Resources for Developers
Cloudera University's e-learning courses present a deeper dive into the projects, skills, and techniques that aid and complement the core topics covered by the developer learning path. These on-demand videos address the concepts required to achieve true expertise. They also include interactive demonstrations and lab instruction so that you can work your way through technical challenges in your own time and at your own pace.
Online Training: Introduction to Hadoop and MapReduce
Start on your path to big data expertise with our open, online Udacity course. Cloudera University’s free three-lesson program covers the fundamentals of Hadoop, including getting hands-on by developing MapReduce code on data in HDFS.
Learn how Apache Hadoop addresses the limitations of traditional computing, helps businesses overcome real challenges, and powers new types of big data analytics. This series also introduces the rest of the Apache Hadoop ecosystem and outlines how to prepare the data center and manage Hadoop in production.
At their core, YARN and MapReduce 2’s improvements separate cluster resource management capabilities from MapReduce-specific logic. YARN enables Hadoop to share resources dynamically between multiple parallel processing frameworks such as Cloudera Impala, allows more sensible and finer-grained resource configuration for better cluster utilization, and scales Hadoop to accommodate more and larger jobs.
In this on-demand webinar, you will learn who is best suited to attend the live training, what prior knowledge you should have, and what topics the course covers.
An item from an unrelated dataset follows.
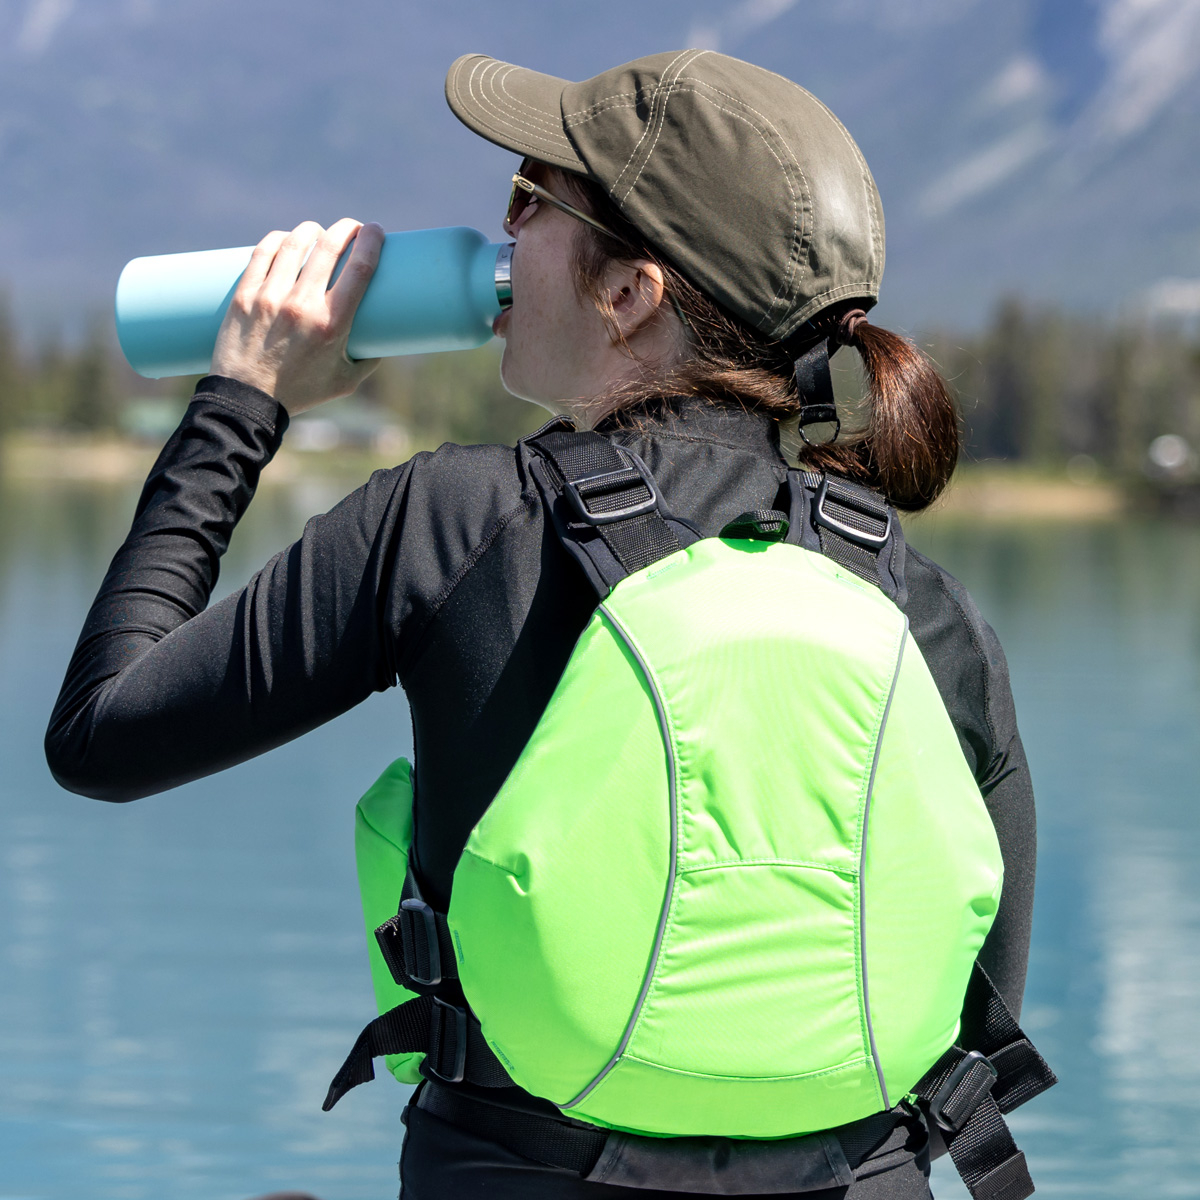 Amazon Shoppers Love This Travel-Friendly & Leakproof Water Bottle

We present a short portion of Cloudera's actual Hadoop Developer Training, discussing the difference between New and Old APIs, why there are different APIs, and which you should use when writing your MapReduce code.
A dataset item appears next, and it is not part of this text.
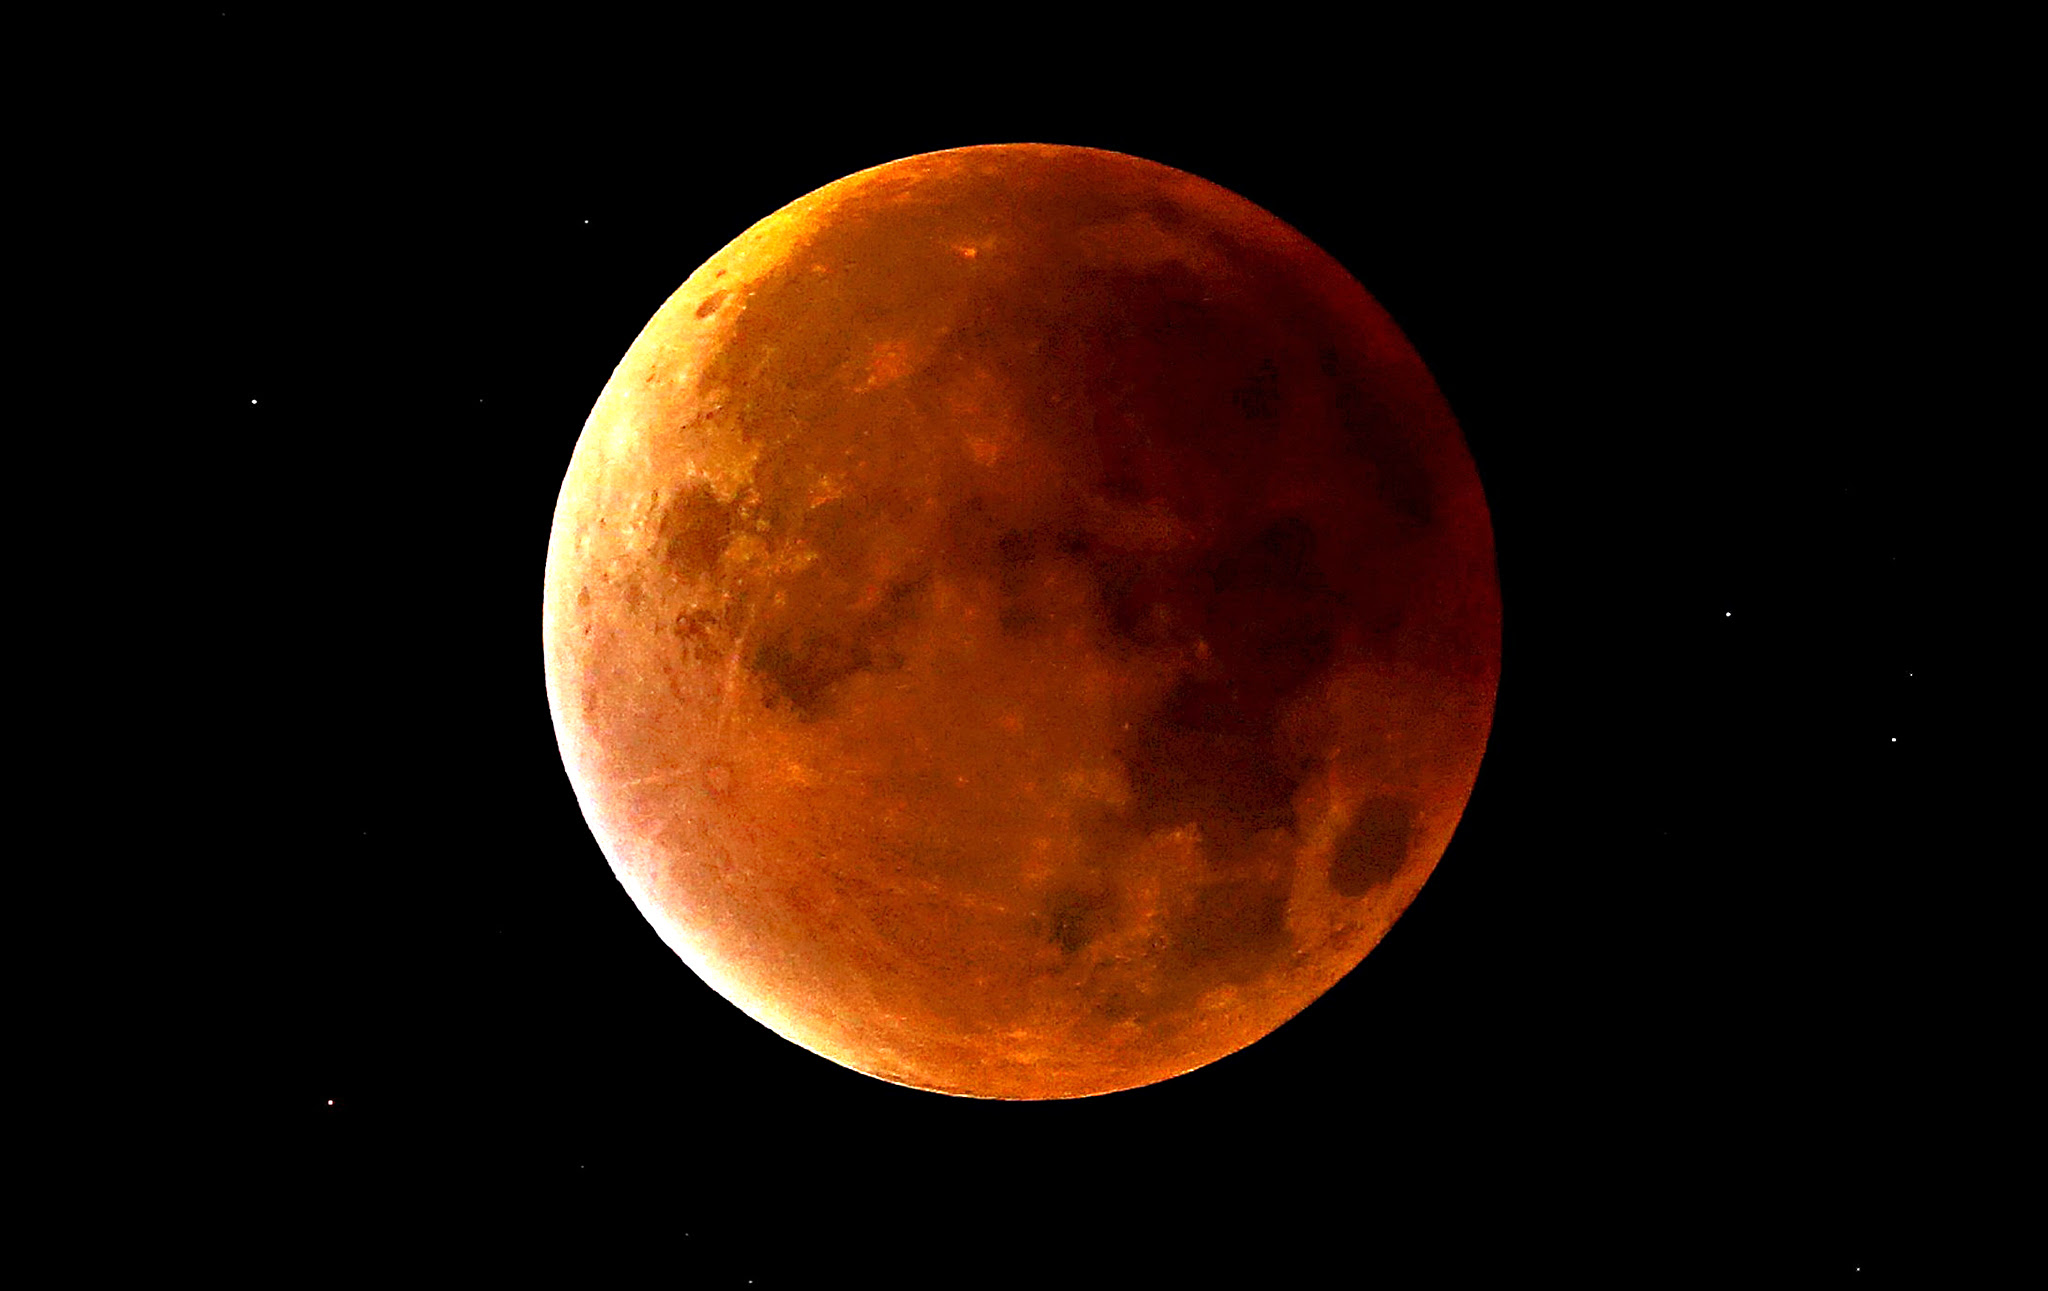 A lunar eclipse coincides with a so-called "supermoon" in Newcastle-under-Lyme, Staffordshire, England. Sky-watchers around the world are in for a treat Sunday night and Monday when the shadow of Earth casts a reddish glow on the moon, the result of rare combination of an eclipse with the closest full moon of the year

Learn what the course covers, from capturing data to building a search interface. We cover the spectrum of processing engines, Apache projects, and ecosystem tools available for converged analytics, discuss who is best suited to attend the full Big Data Applications course and what prior knowledge you should have. This free webinar includes a portion of the live class and the benefits of building applications with an enterprise data hub.
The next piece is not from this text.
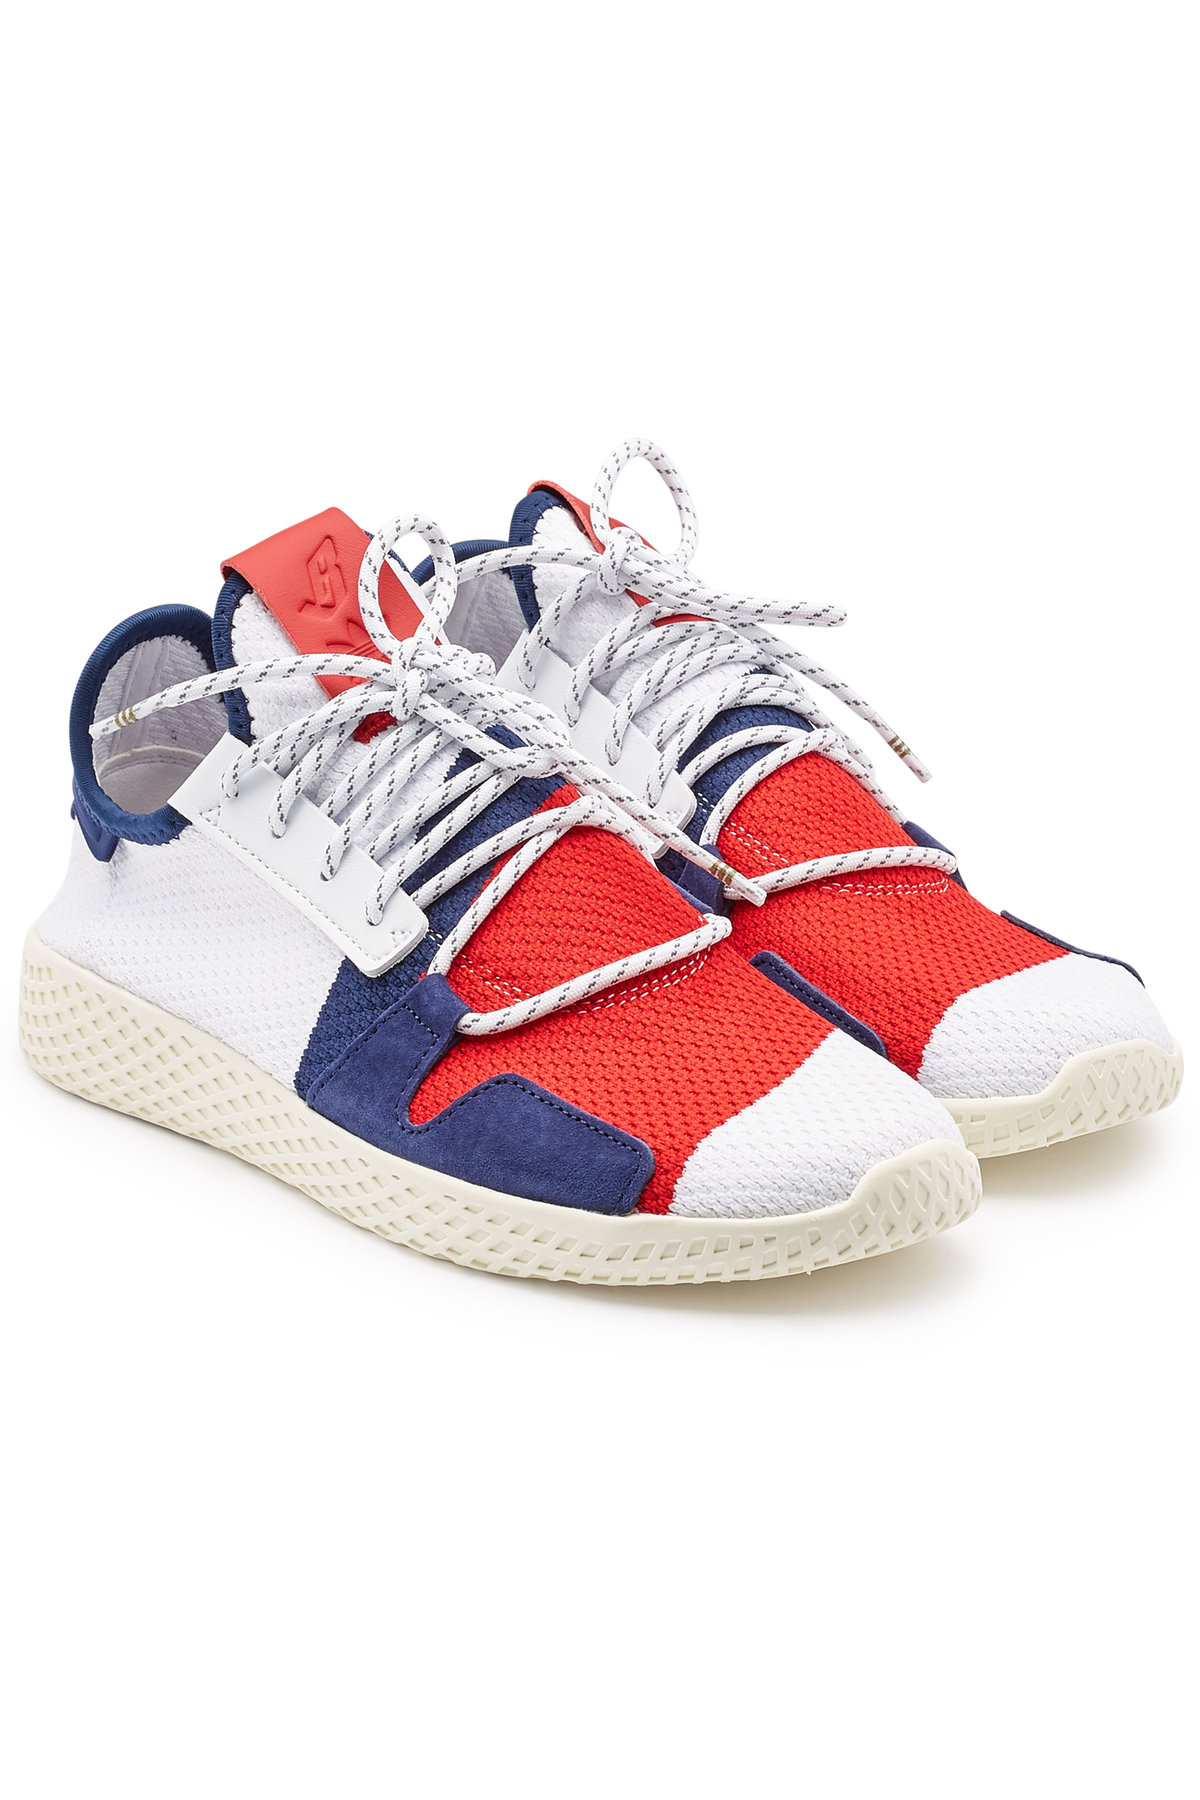 Adidas Originals By Pharrell Williams Bbc Hu V2 Sneakers With Mesh

Learn what Apache Spark is and how it compares to Hadoop MapReduce, how to filter, map, reduce, and save Resilient Distributed Datasets (RDDs), who is best suited to attend the full Developer Training for Apache Spark course, what prior knowledge you should have, and the benefits of building Spark applications as part of an enterprise data hub.
Learn how HBase Training can help you develop your HBase use case, design optimal schemas, and identify, avoid, and resolve performance bottlenecks. In this on-demand webinar, we present two short portions of Cloudera's full HBase Training, providing an overview of accessing data with the HBase API and executing Scan operations with both Java and Python, followed by Q&A.
Pig is an Apache project that uses a scripting language to query and analyze large data sets. With Apache Pig, users can create MapReduce programs without writing Java code. This e-learning module teaches you how to write user-defined functions (UDFs) that can be executed inside of Pig to extend performance and develop a custom library of operations. We discuss what Pig UDFs are, supported functions and languages, and how to write custom UDFs in Java and Python. The module includes a hands-on exercise where you will write your own UDF in Python, complete with a sample solution.
Hive is an Apache project that facilitates ad hoc queries and analyses of large data sets in the Hadoop cluster using a SQL-like language. This e-learning module teaches you how to write user-defined functions (UDFs) to augment Hive's built-in capabilities. We discuss why UDFs are necessary, what kinds of UDFs exist, and how to write custom UDFs in Java. The module includes a hands-on exercise where you will write your own UDF, complete with a sample solution.
In this video, you will learn what data scientists do, how they think about problems, the relationship between data science and Hadoop, and how Cloudera‘s Introduction to Data Science course can help you join this growing and increasingly important profession, followed by Q&A with Cloudera Senior Director of Data Science Josh Wills.